Segment Start: Provided material

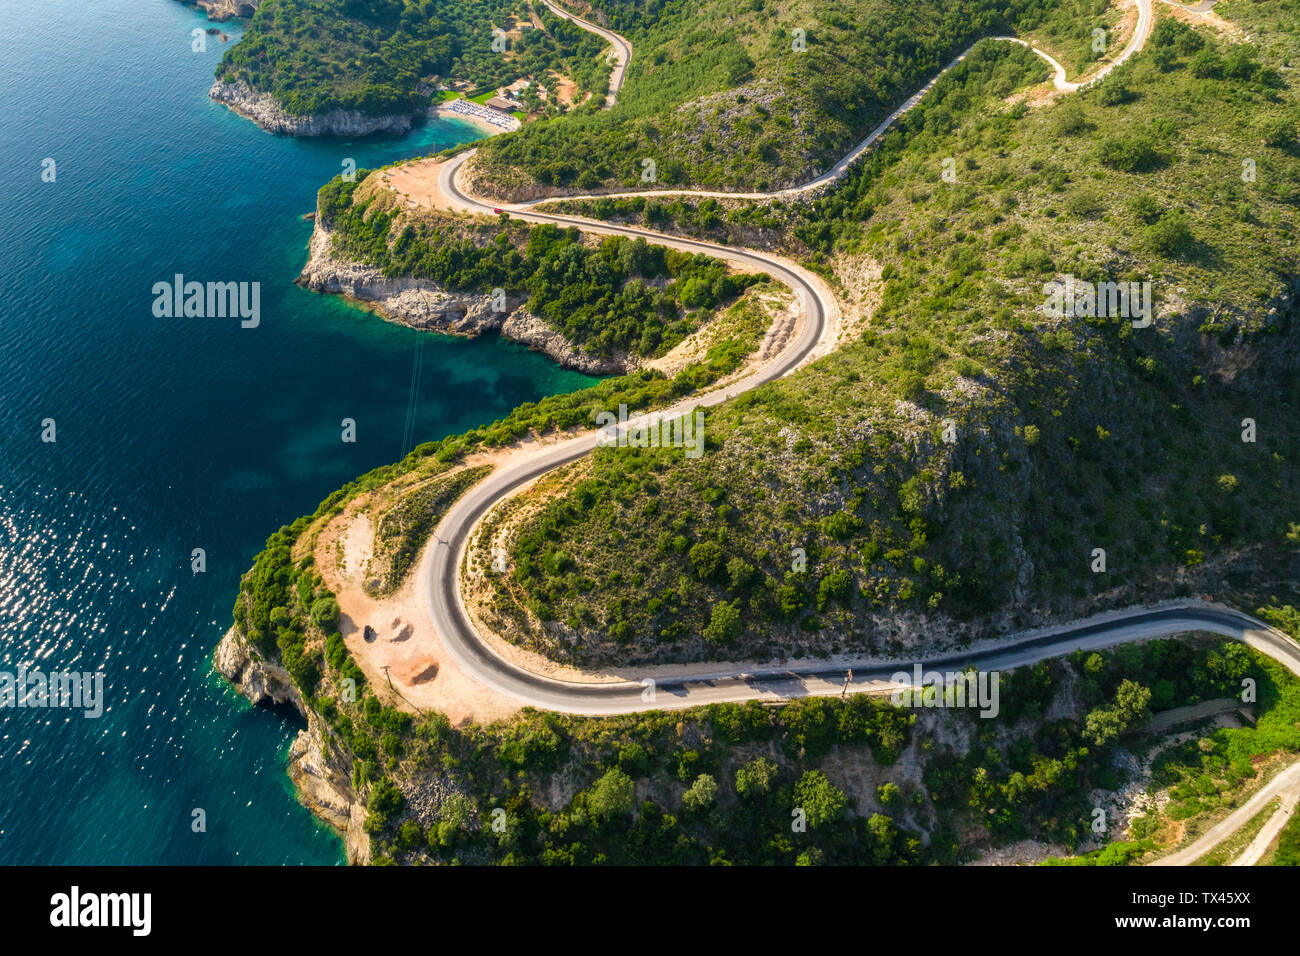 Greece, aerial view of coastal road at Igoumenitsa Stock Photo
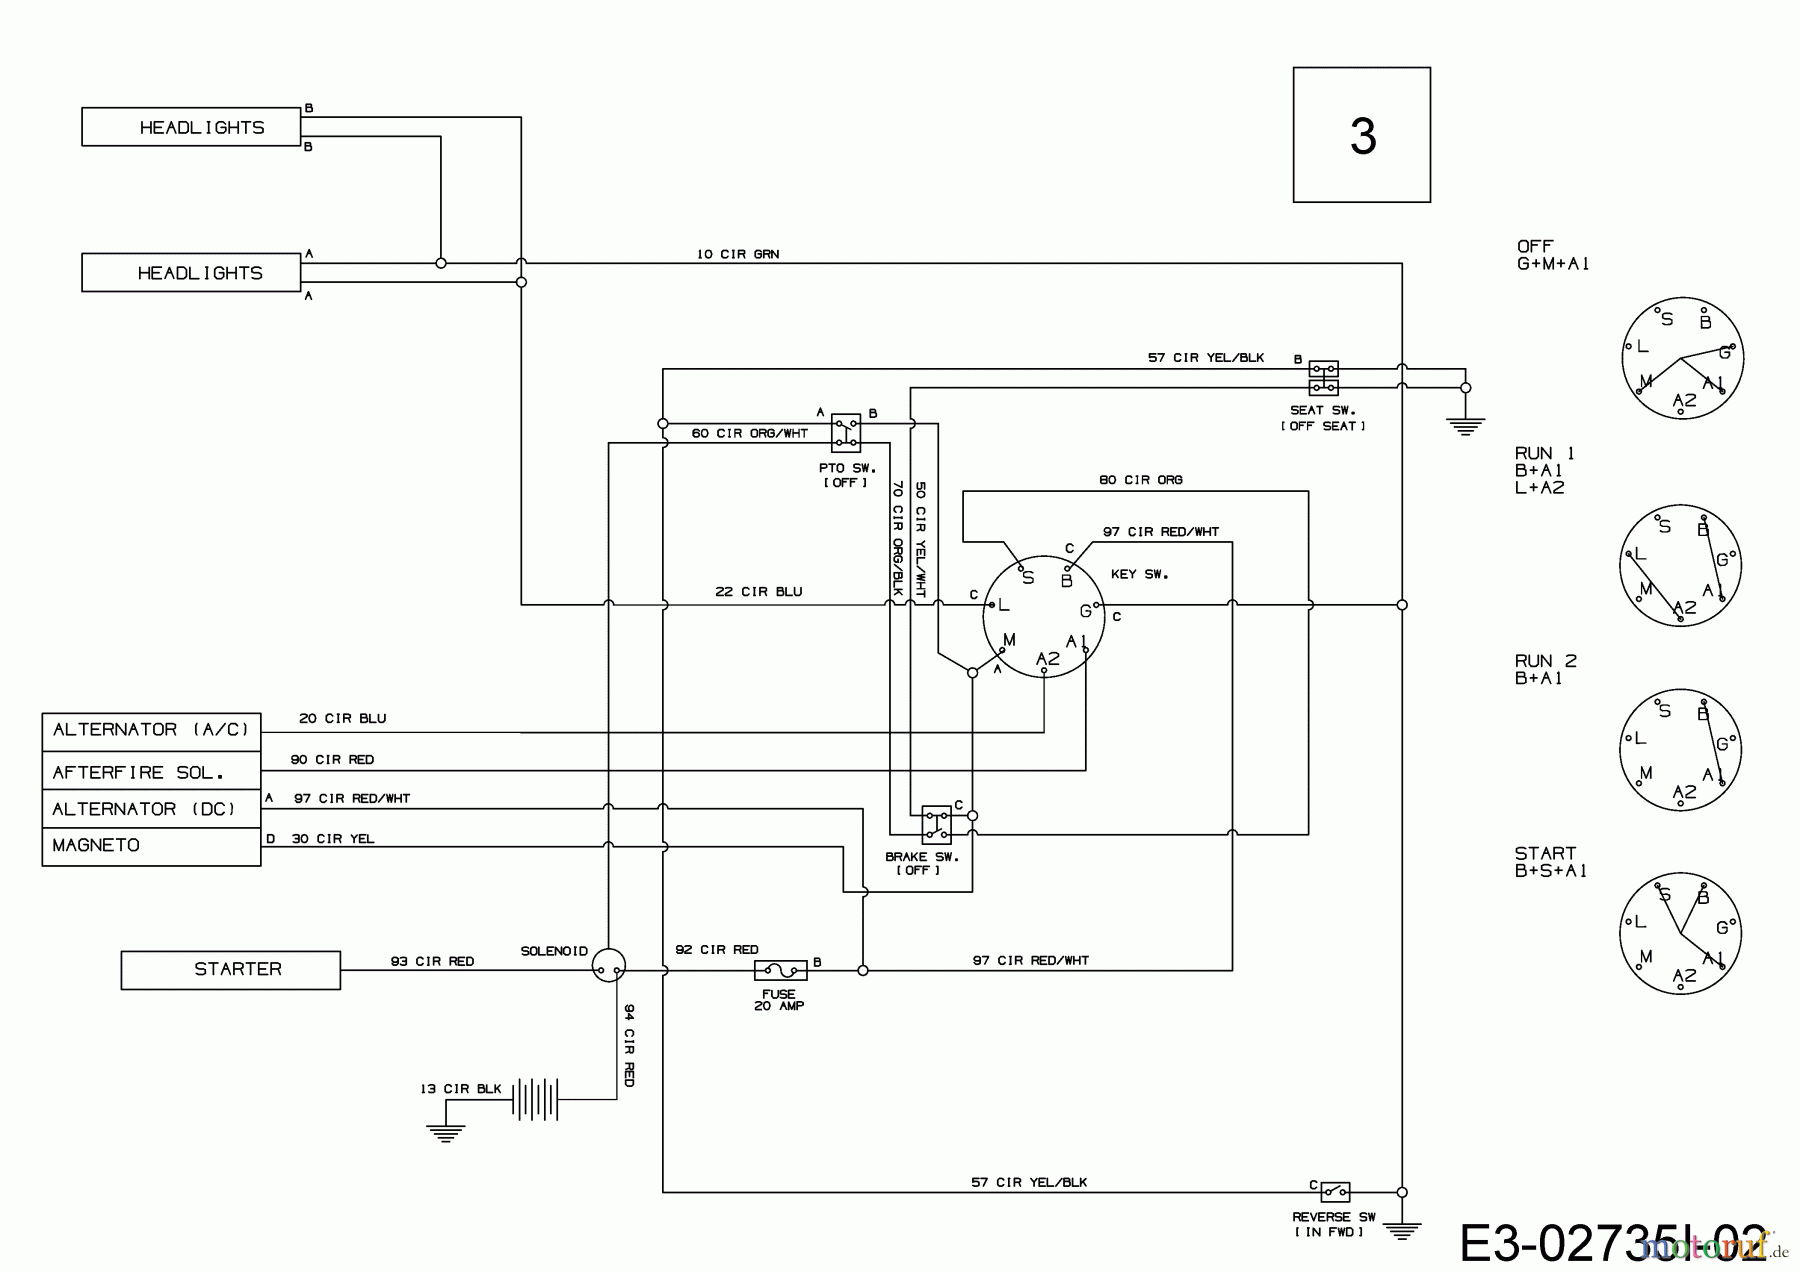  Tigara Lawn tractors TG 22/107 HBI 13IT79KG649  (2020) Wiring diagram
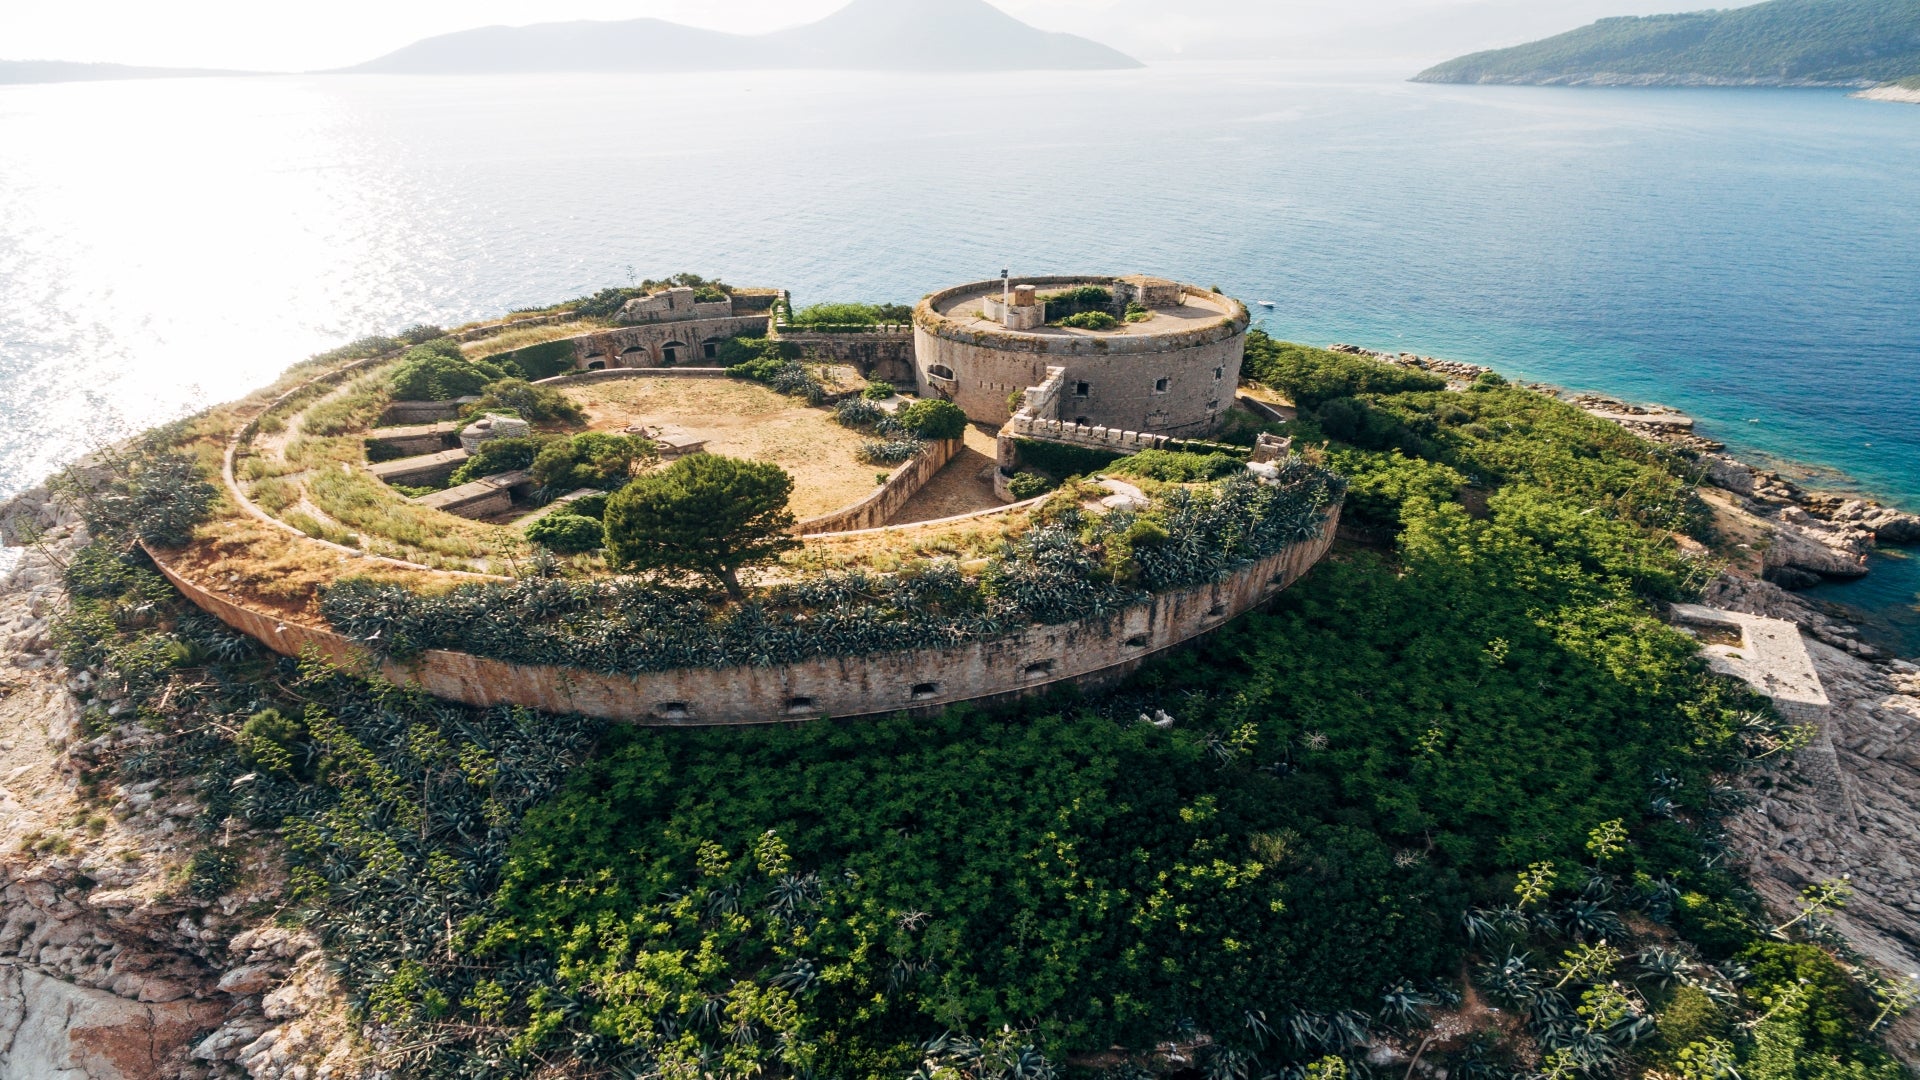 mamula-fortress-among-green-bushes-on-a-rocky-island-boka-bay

Segment End: Provided material

> **Task description**
The data above should be restated exactly, with its images dropped.

> **Answer section**
 Greece, aerial view of coastal road at Igoumenitsa Stock Photo
  Tigara Lawn tractors TG 22/107 HBI 13IT79KG649  (2020) Wiring diagram
 mamula-fortress-among-green-bushes-on-a-rocky-island-boka-bay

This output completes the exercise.